Dr Hendrik Lau, LRQA’s leading wind energy expert, discusses the importance of wind energy, its crucial role in achieving net zero goals and the challenges faced by developers.

As the world continues to grapple with the challenges of global climate change, the need for a swift and seamless energy transition has never been more pressing. Wind energy, with its clean, sustainable, and abundant supply of electricity, has emerged as a game-changer in this transition, offering a valuable solution to the growing demand for renewable energy sources. But to fully realise the potential of wind energy, it is crucial that its development and implementation are done in a responsible and sustainable manner. That's where expert assurance comes in, ensuring that wind projects, equipment and supply chains meet the highest standards of quality, safety, and sustainability while complying with stringent laws and regulations. 

The wind energy industry is crucial to the achievement of Net Zero goals

One of the main benefits of renewable energy sources such as wind is their decentralised nature; when considering traditional fossil fuel installations, renewable energy infrastructure can be built on a much smaller scale.

Wind power is also available worldwide, which means it is not limited by geographical location and can be harnessed anywhere. It is a zero-emission source of electricity, producing no harmful greenhouse gases or pollutants during its operation.

Additionally, as climate change continues to be one of the most pressing issues, many countries are committing to ambitious net zero targets. To achieve these targets, we must scale up our ability to generate electricity from wind power; it is vital for meeting our energy needs today and ensuring a sustainable future for generations to come.

The wind energy industry is already experiencing significant growth. New onshore installations have reached record numbers in regions such as Europe, Latin America, Africa & the Middle East. However, for countries like the UK and Germany to meet their climate goals, the wind energy industry must continue to experience this rate of growth and more.

Developers are facing a range of challenges

When it comes to planning and building new wind energy facilities, developers are facing several challenges. The first and most significant challenge is cost. Developing wind energy projects, whether onshore or offshore, requires substantial backing. Despite government funding existing in most European countries, the availability and reliability of this funding can be uncertain and subject to political changes.

Another challenge is the supply chain. With the high demand for wind energy projects, developers face difficulties building and managing new supply chains and auditing new suppliers.
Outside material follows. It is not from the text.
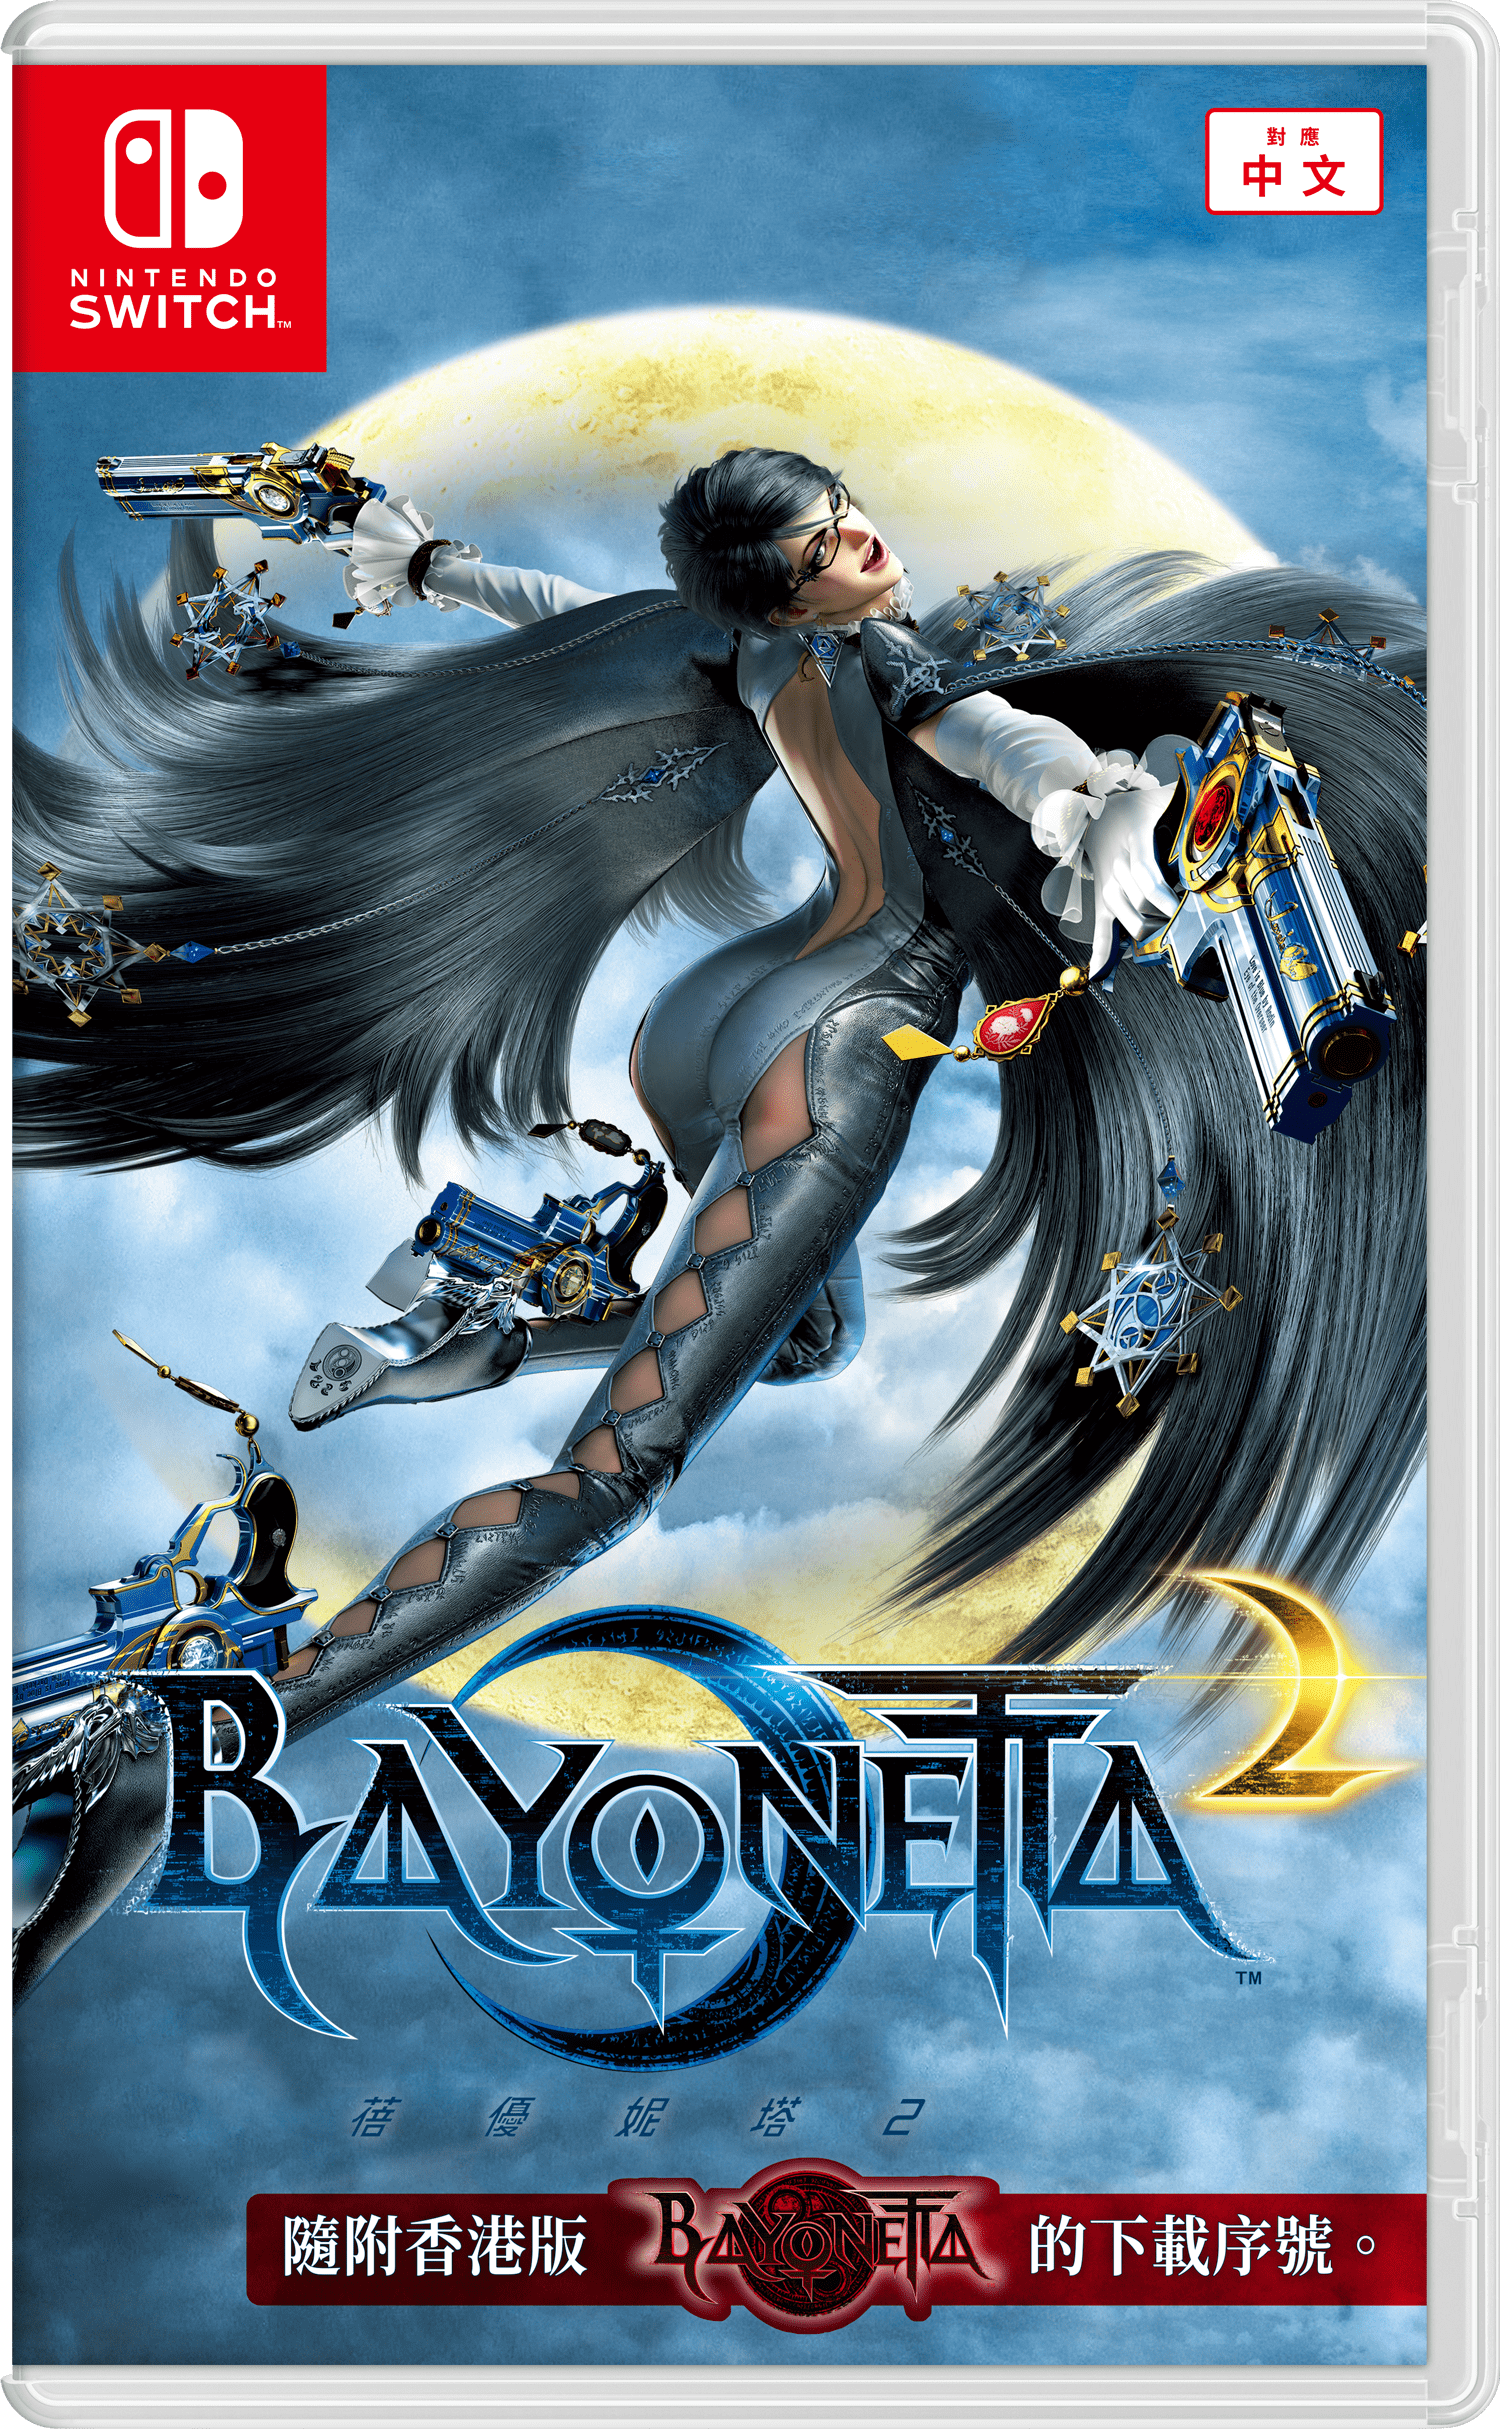 猎天使魔女 Bayonetta 的游戏图片 - 奶牛关

Additionally, there are concerns about the current supply chain capacity to meet the growing demand for wind energy. By 2030, it’s projected that around 380 gigawatts of new wind power will have been installed globally, which translates to around 190 to 200 new wind farms.

Climate change is also a challenge. Drastic weather changes, like rougher, higher winds and record-breaking temperatures, will impact wind farms over time, potentially reducing their lifetime.
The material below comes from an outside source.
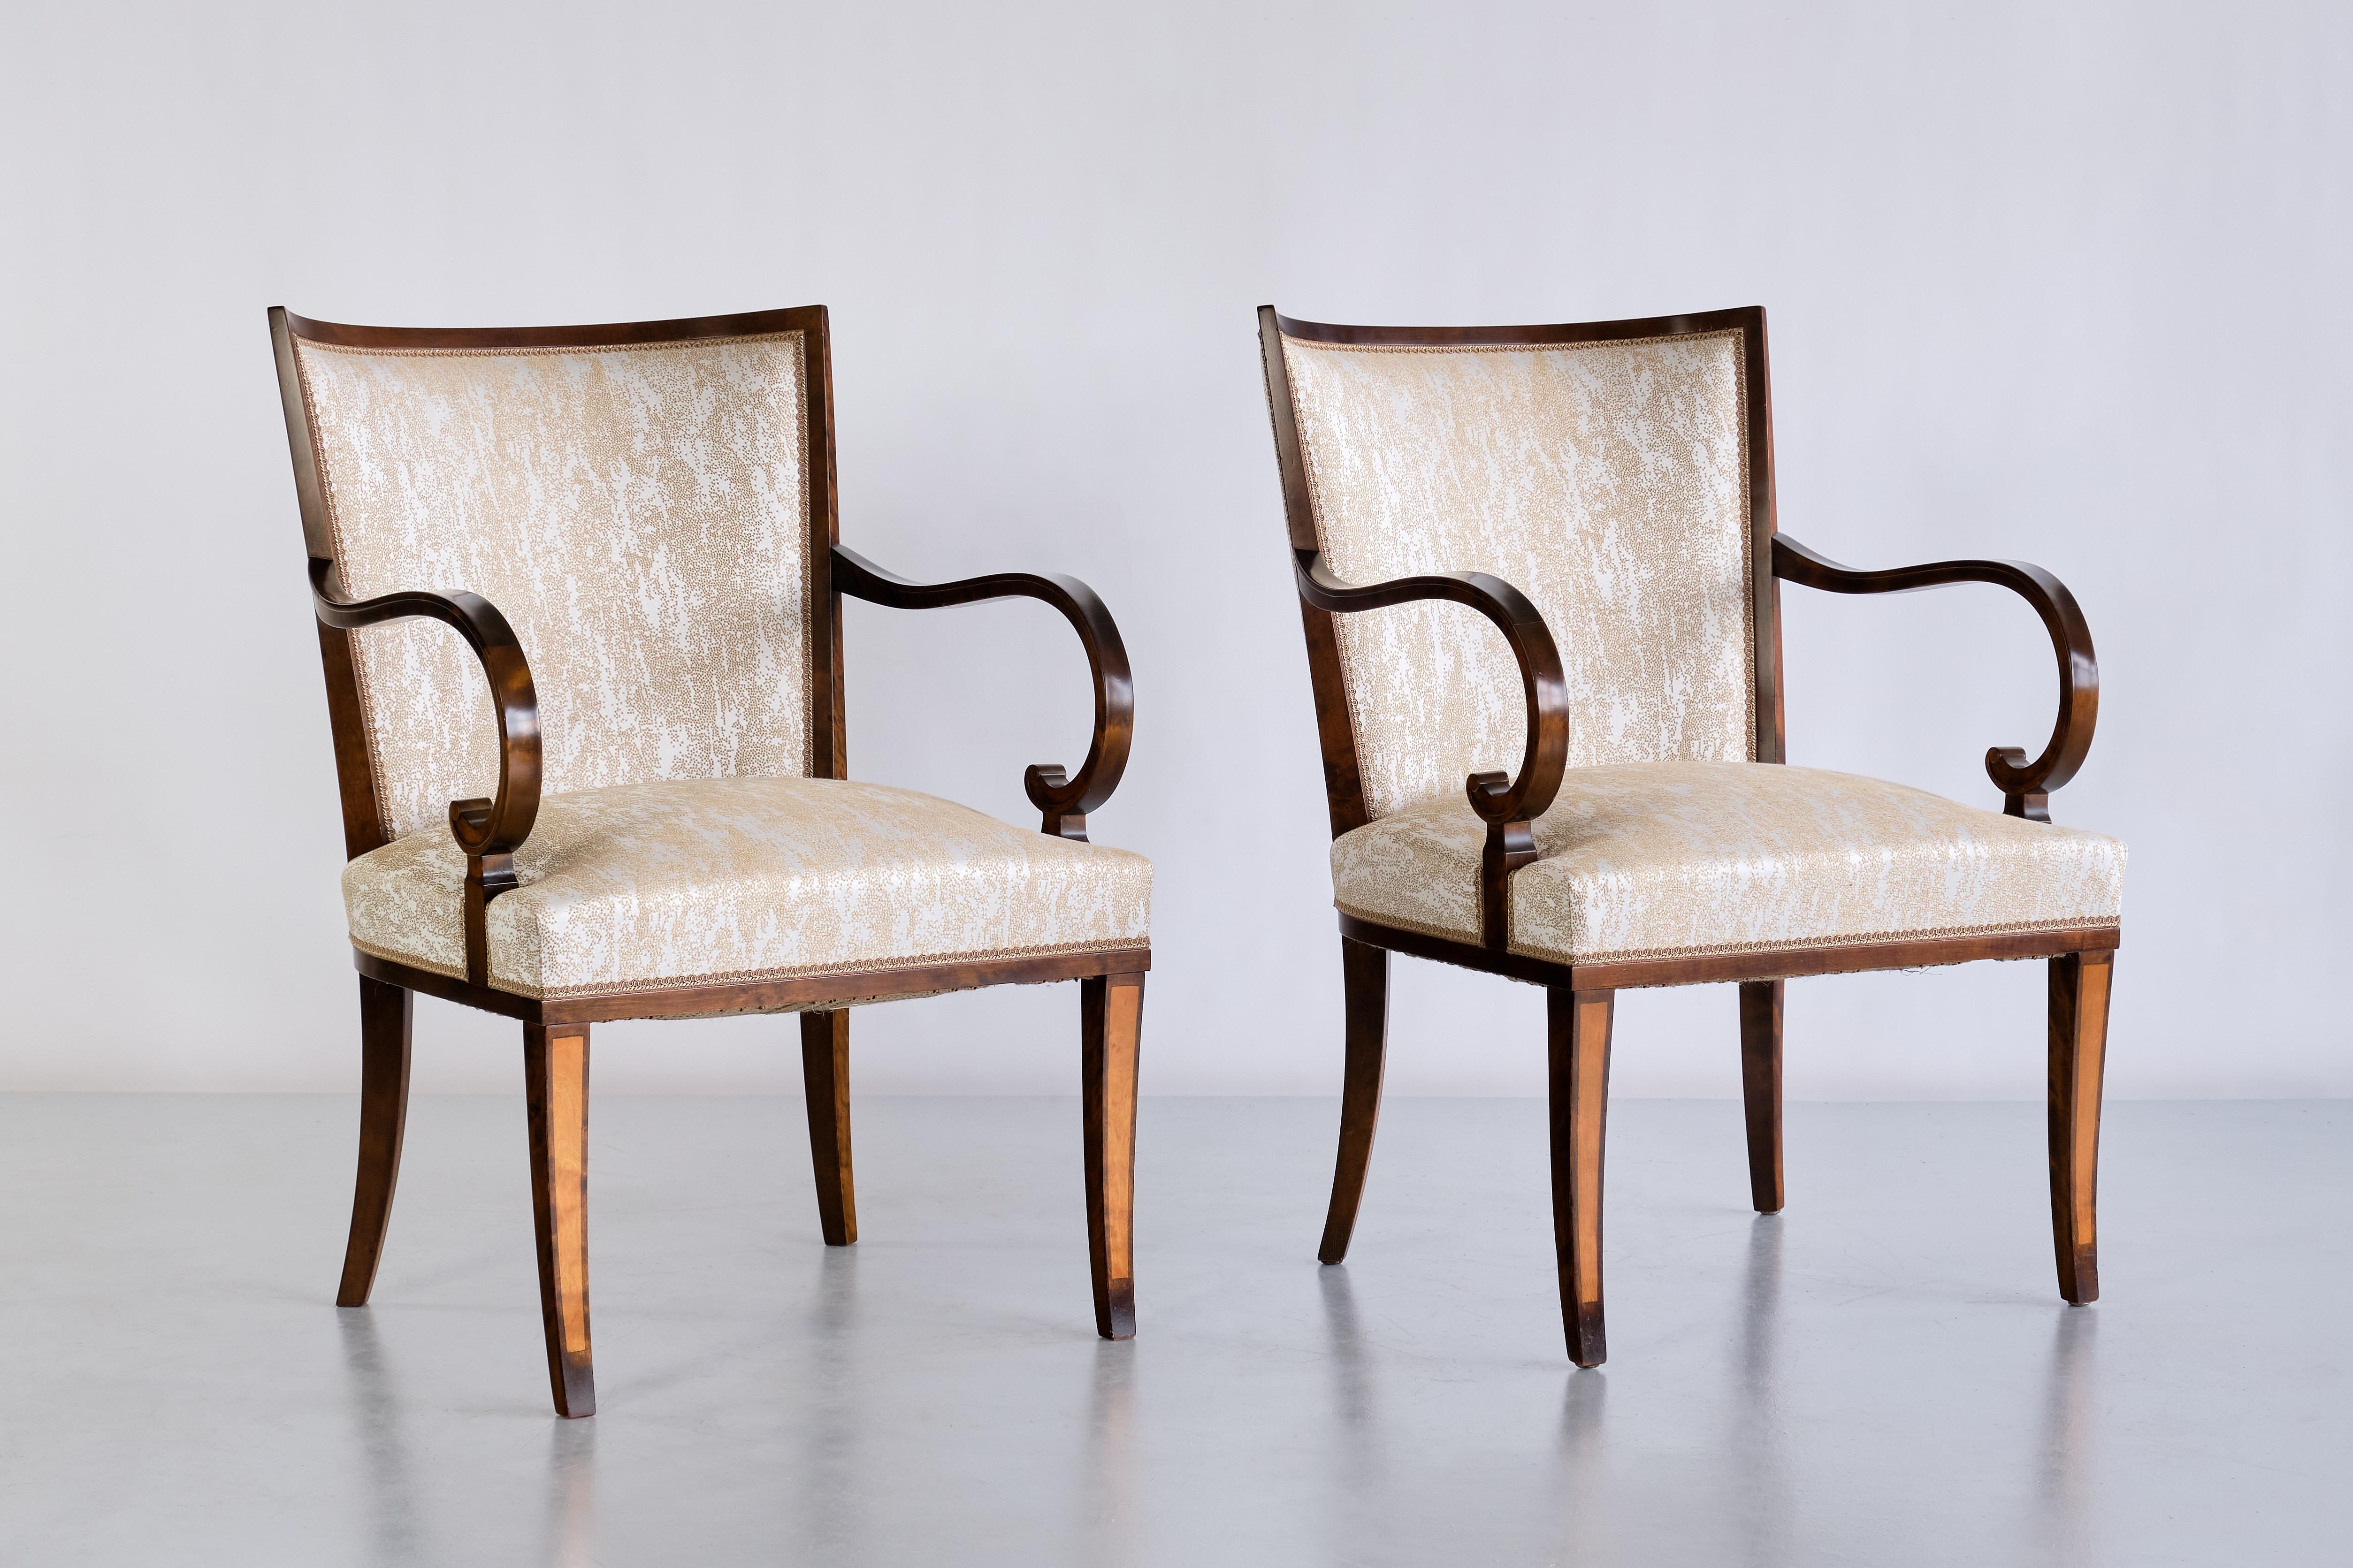 Cette paire de fauteuils exceptionnellement rare a été conçue par Carl Malmsten et produite par Svenska Möbelfabriken à Bodafors, en Suède, au début des années 1930. Le design raffiné est marqué par son cadre avec un dossier joliment incurvé et des

Expert assurance is critically important

Accessing the right technical expertise is a vital end-to-end requirement for the success of any wind energy project. Current wind energy projects have the same goals: high performance, output and efficiency – all of which require expert assurance at every stage of the facility’s lifecycle.
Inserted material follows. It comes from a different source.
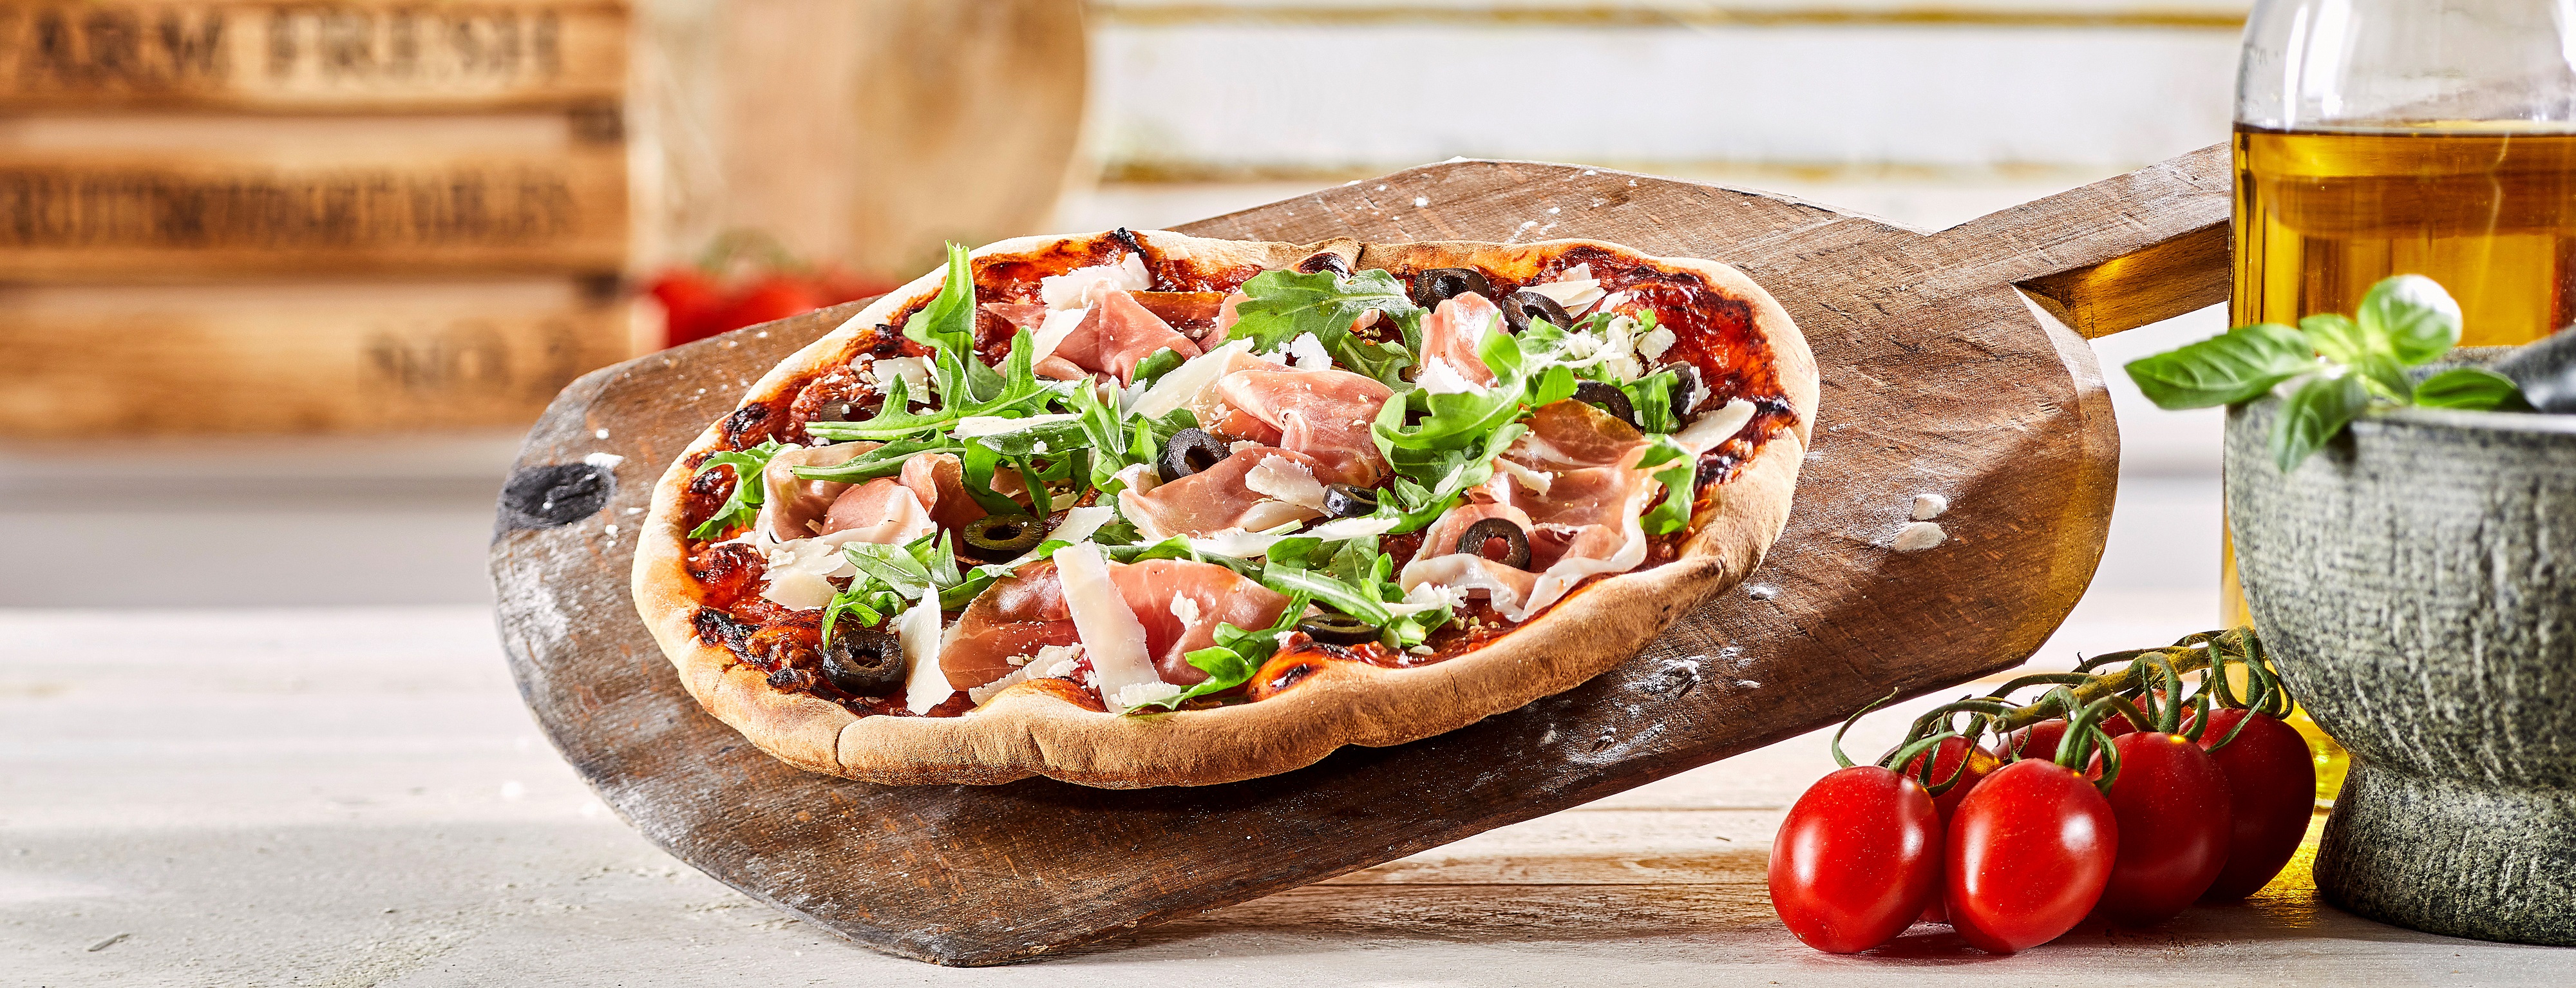 La pizza est l’un des plats les plus consommés au monde : d’où lui vient cette popularité ? © Exclusive-design, Adobe Stock

When using certification as an example. Every aspect of a wind farm, from the raw materials to the equipment and final turbines, must be audited and certified to a set of standards. This ensures safety, compliance, and quality.

In Germany, the equipment used in wind farm development currently requires four certificates. There are plans to reduce this to a single certificate, which is excellent because it will speed up processes. However, it may increase risk as fewer auditors will be required to conduct checks. This highlights the importance of getting things right and why accessing the correct technical expertise is so important.

Supply chains require effective management 

Most wind projects rely on extensive global supply chains for specialist knowledge, equipment, and services, but managing multiple suppliers across different locations can introduce risks.

Furthermore, if there are fewer certification requirements in the future, the potential for firms to enter the supply chain with lower-quality materials, products, and services will grow. To protect against this, Engineering, Procurement and Construction (EPC) companies must implement robust supplier audit programs and quality assurance processes. This will add to the workloads of EPCs, so it's essential to work with the right technical experts to build effective supply chain assurance programs that mitigate risk through measures such as supplier audits, site inspections and supervision.

Lifetime extension is a  posibility

Wind energy facilities are engineered for a lifespan of 20 to 25 years. Regular servicing and inspections are crucial to ensure that this lifespan is met.

We are also seeing a growing market demand for risk-based inspections, where companies like LRQA inspect assets against a range of different criteria, which in some circumstances, could lead to the extension of an asset's lifetime. By having assets regularly serviced and inspected, especially when they are approaching the latter years of their expected operational lives, organizations can extend the life of their assets and improve their operational performance.

Looking to the future

As we continue to strive for greater efficiency and higher performance, we will see the development of larger and taller wind turbines that can harness more wind power. We’re also seeing the emergence of floating wind installations where there isn’t enough flat seabed for more traditional fixed installations. Floating platforms can be physically moved, which provides a degree of flexibility.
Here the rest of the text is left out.